S(社会)では、他社とのパートナーシップによる新たな形での地域社会への貢献に向け、取り組みを進めております。当社の使命は「地域社会への貢献」です。第四次産業革命が進み、各社が競争しながらサービスを提供してきた時代から、これからは様々な事業体が重なり合い、共に創る価値を共に社会に還元する、「共創の時代」が来ると考えております。当社は、他社との共創による新たな価値の創出に向け、エストニアの暗号技術であるX-ROADやブロックチェーンなど最先端のテック技術を導入し、安全性を担保しながら多種多様なビッグデータを共同で活用できる仕組みを整えています。DXの取り組みを進め、他社とのパートナーシップでイノベーションを生み出し、地方の行政サービスとコラボレーションしながら新たな形で地域社会に貢献してまいります。

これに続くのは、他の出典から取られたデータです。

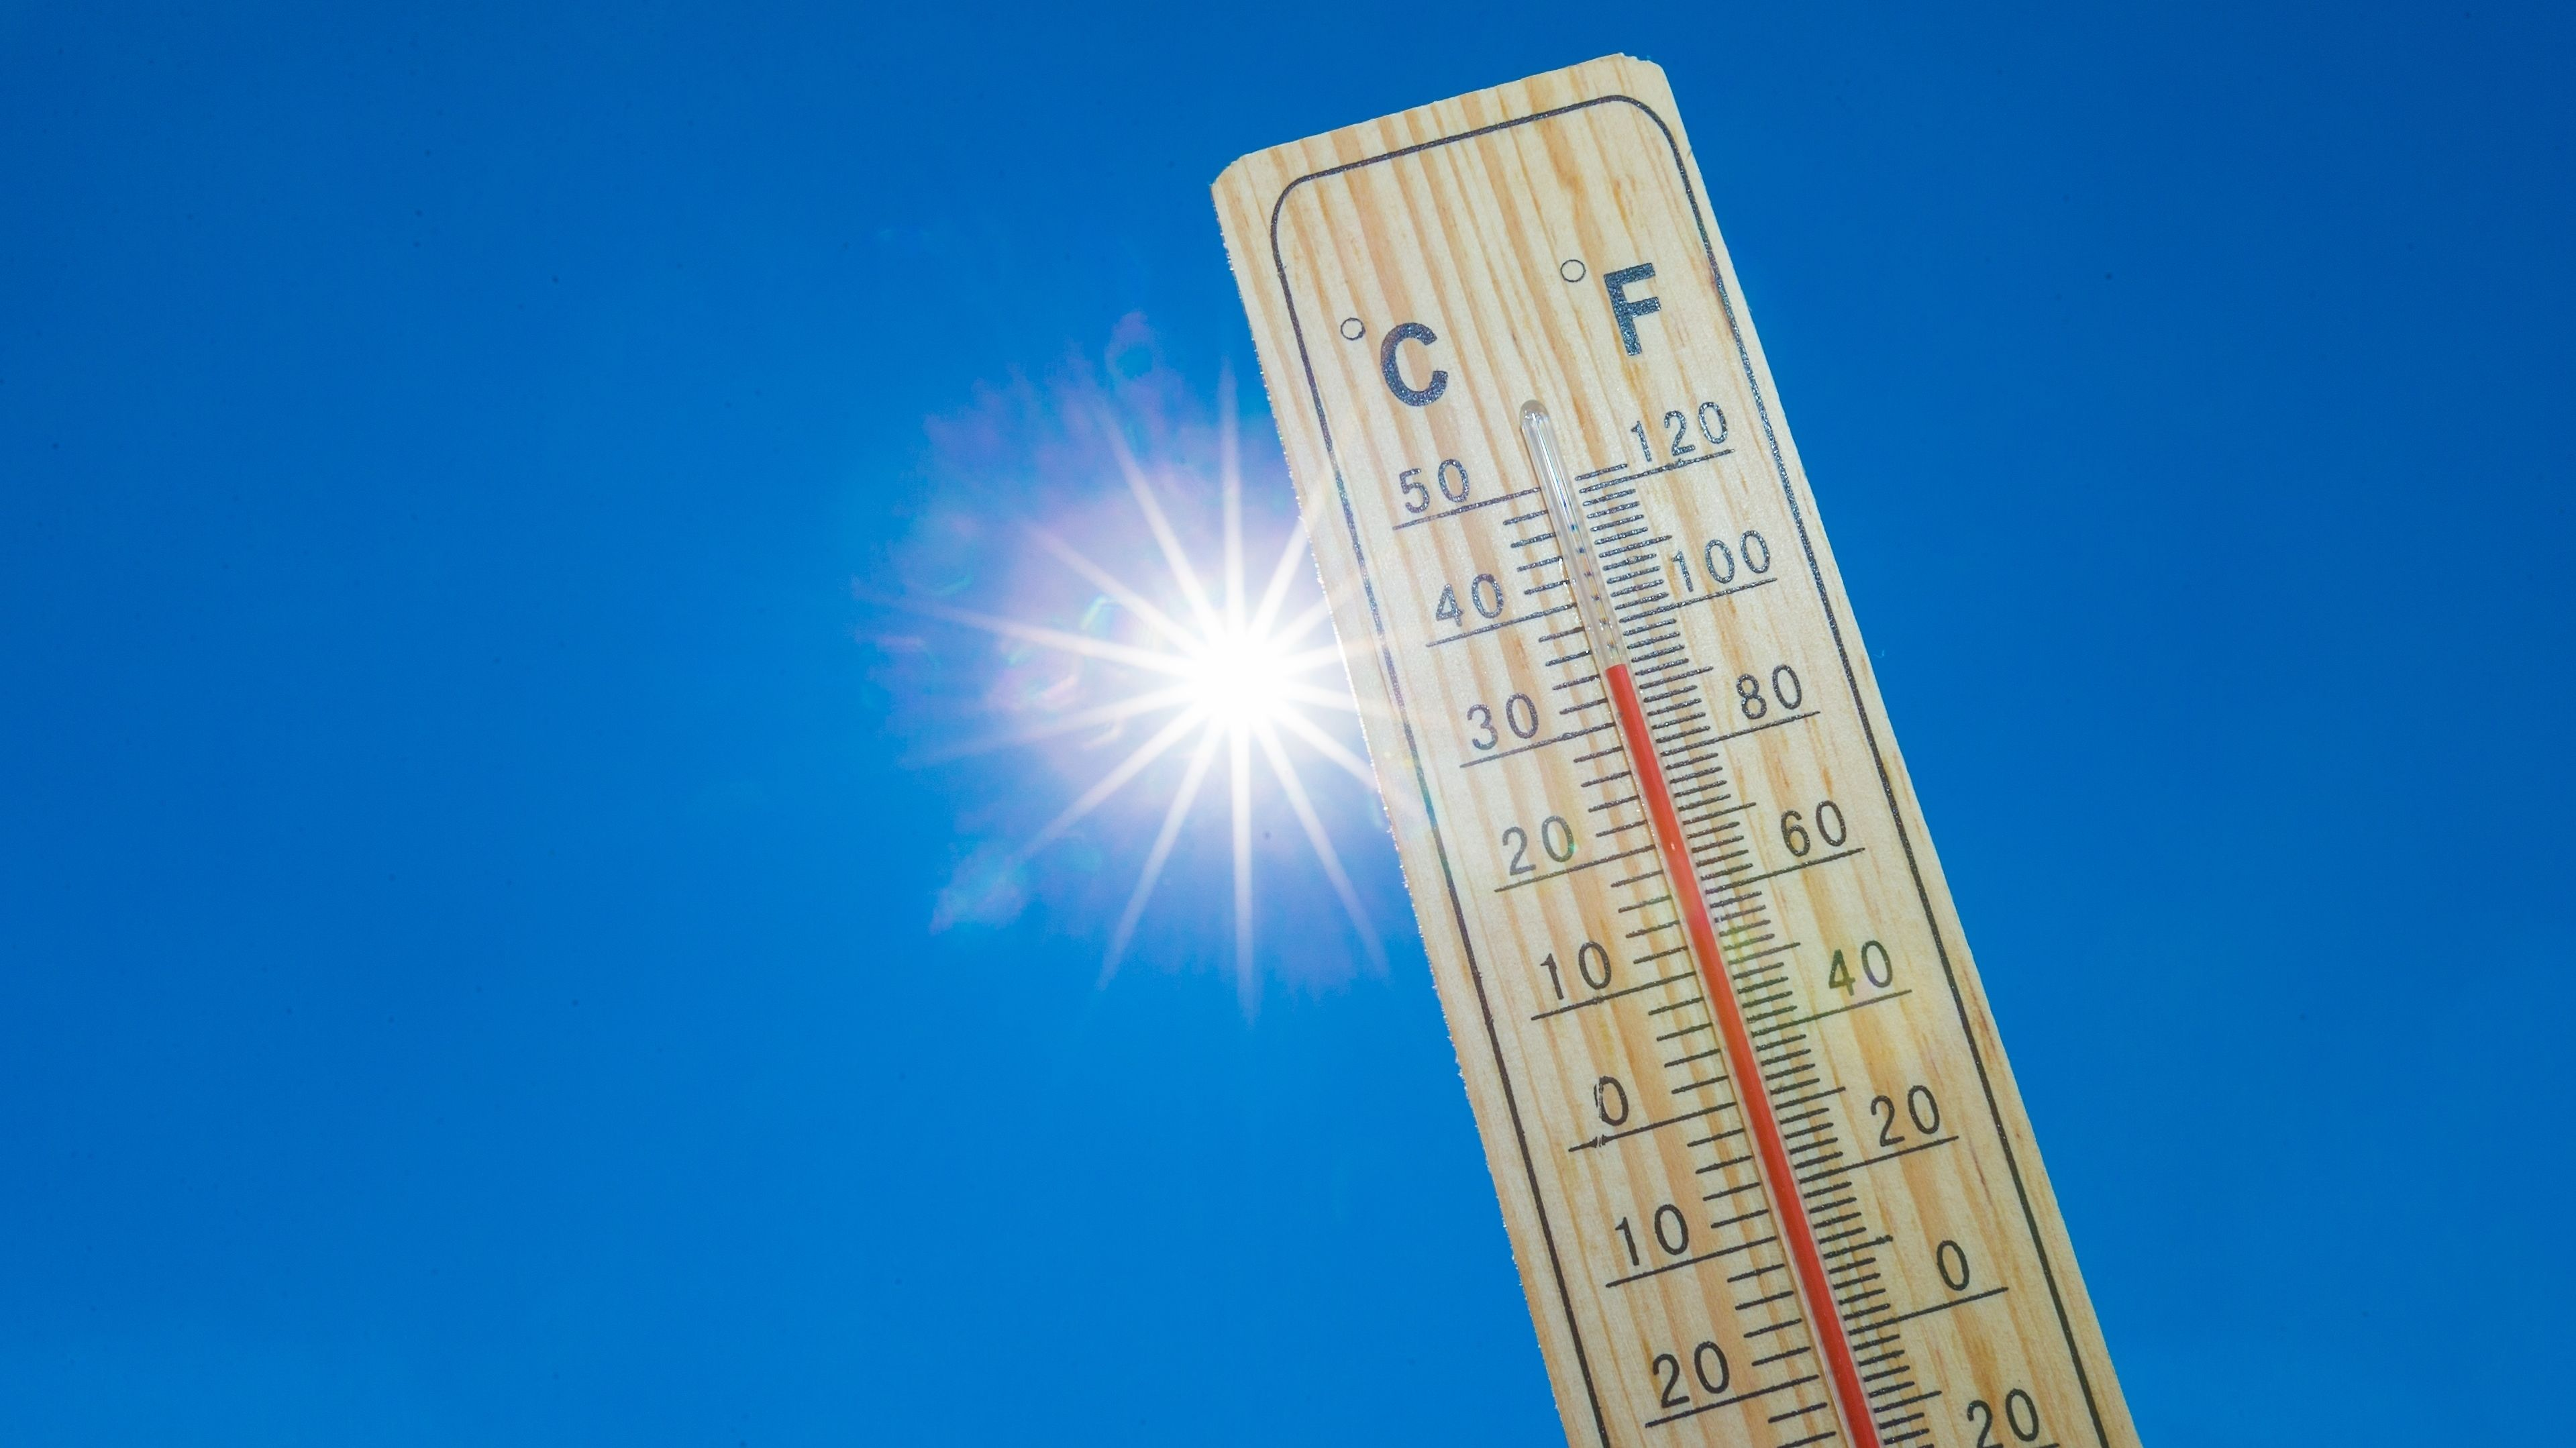 Ein Termometer zeigt deutlich über 30 Grad an (Symbolbild)

E(環境)では、ラストワンマイルでエネルギーをお届けする会社として、オペレーションの各所でCO2排出量削減に取り組みながら、他社(パートナー)との協働による新たな技術で、2050年までのCO2ネットゼロを目指します。
当社は、これからはガスのみでなく、ガスと電気をセットで提供することを大前提として、CO2排出量削減の取り組みを進めます。LPガスのオペレーションにおいては、当社がデータを繋いで実現した高効率な充填と配送におけるオペレーションは、CO2排出量を他社比で半減します。更に当社は自社のCO2排出量を削減するだけでなく、他のLPガス事業者(パートナー)にも当社のLPガス配送の仕組みを「LPG託送」として利用頂き、業界全体のCO2排出量の半減を目指します。加えて、電源の再エネ調達比率を高めるとともに、省エネガス機器や、電気とガスのハイブリット型ガス機器普及などの取り組みを進め、ガスと電気を効率的にお届けしながら、お客様あたりのCO2排出量の半減にも取り組みます。また、タンクローリー、トレーラー、個別配送トラック、営業車両を含め、当社で使う全ての車両を電気自動車(EV)に切り替え、夜間電力なども効率的に利用していく方針です。
当社は、それぞれの取組みを進めることでSDGsの7、9、11、12、13はもとより、SDG16の「平和と公正をすべての人に」とSDG17の「パートナーシップで目標を達成しよう」を果たし、社会課題を解決して社会に新たな形で貢献しながら、企業価値の向上を実現してまいります。